For issue a I will try a clean restore again for different dates and see what happens. The problem there is that there is also a kind of database application changing the content of the files but without touching the date and time stamp, so there is no way to tell from the file when it was modified for the last time. The application uses a MS-SQL database that I use to stop before and restart after the backup … but according to the software vendor, the database only holds temporary data, so only the files have to be backed up. I have a call open with the vendor to get this confirmed.

Issue a (as perceived by now) is that the current data is somehow damaged and therefore certain functions can’t be performed and that’s why I would like to revert to a day before the files got damaged and it seems that this doesn’t work. But franky speaking I’m not sure if it’s not an issue with the database … especially now that I learned that the issue b was just a handling problem, and in that case, the versioning seems to be working absolutely fine.

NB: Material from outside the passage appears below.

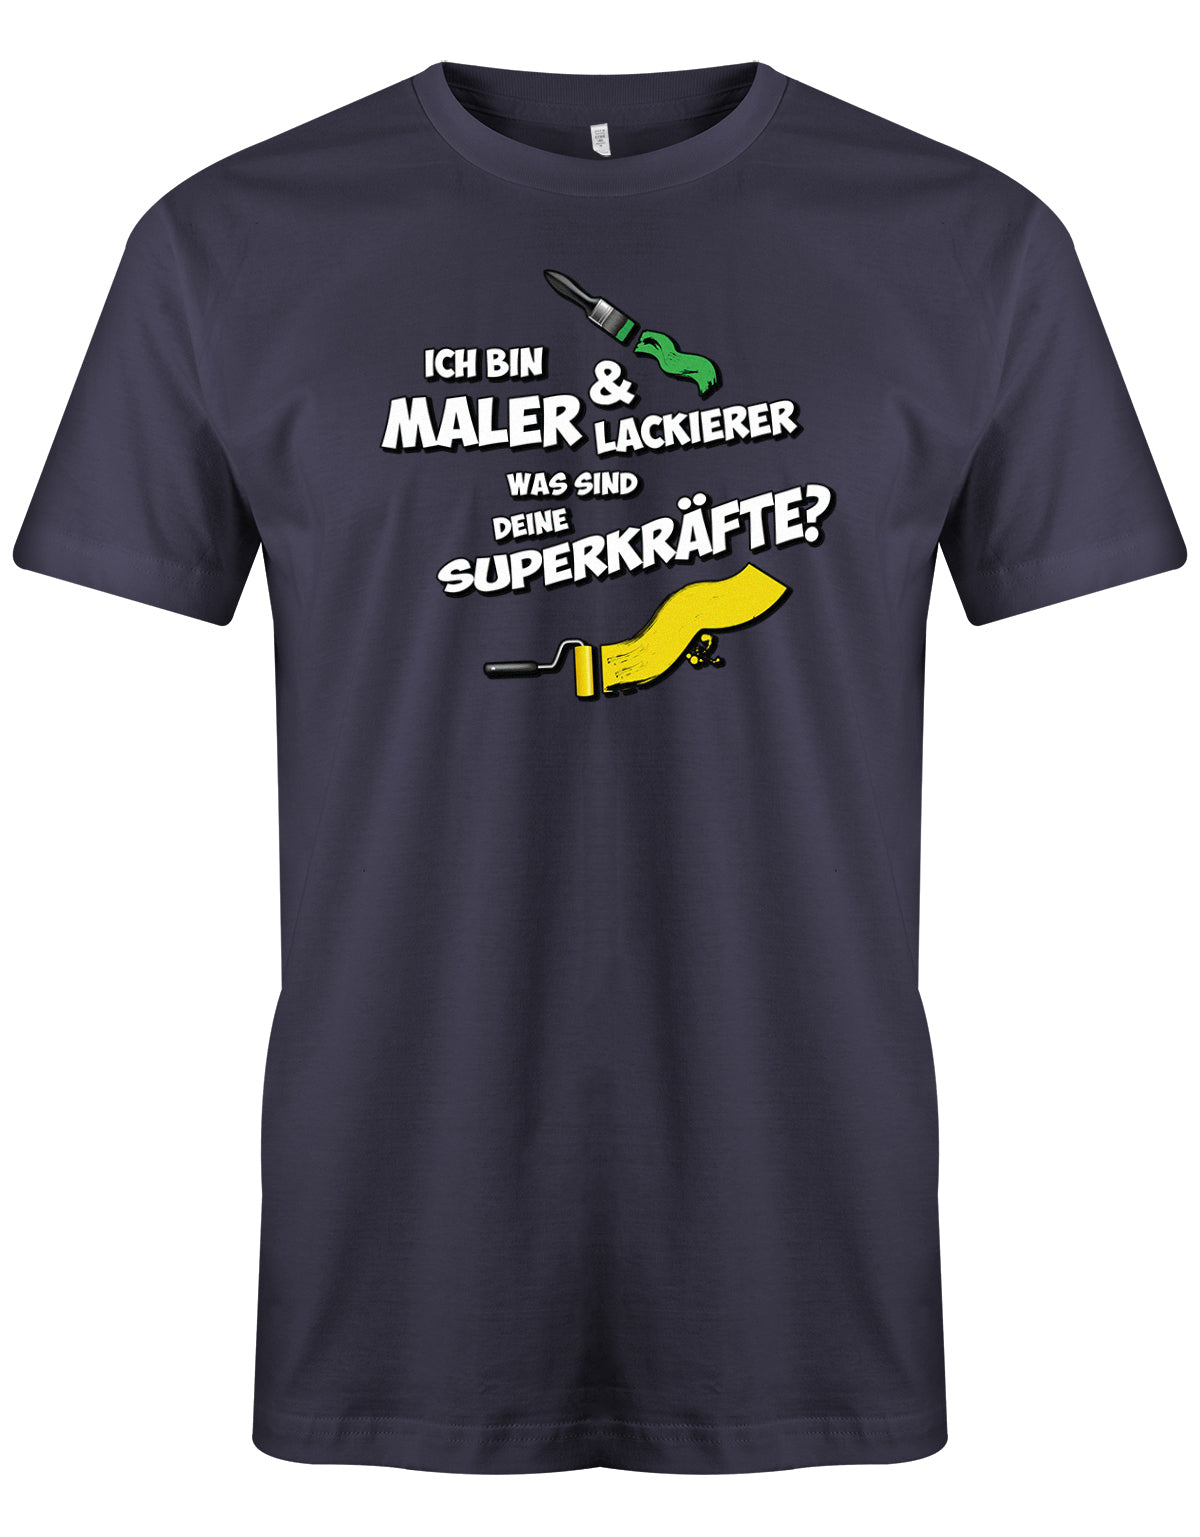 Maler und Lackierer Shirt - Ich bin Maler und Lackierer, was sind deine Superkräfte? Navy

Because Duplicati only uploads changes to files (which might be initial creation), bits of files get spread around in many dblock files. I think the restore method doesn’t redundantly download a given dblock file every time it needs blocks from it, but distributes all the needed blocks whenever it downloads a dblock.

What this means is that the restore happens in pieces, as file blocks and timestamps get onto the drive. Just looking at the file sitting around might not show that it’s not fully there yet, though some of it is there.

MS SQL does not backup modified files explains how one can use –disable-filetime-check to help there, however I’m not sure of its implications, e.g. does it have to look through every file that is in source area? Possibly having a very limited private backup for troublesome files would be a workaround, if necessary.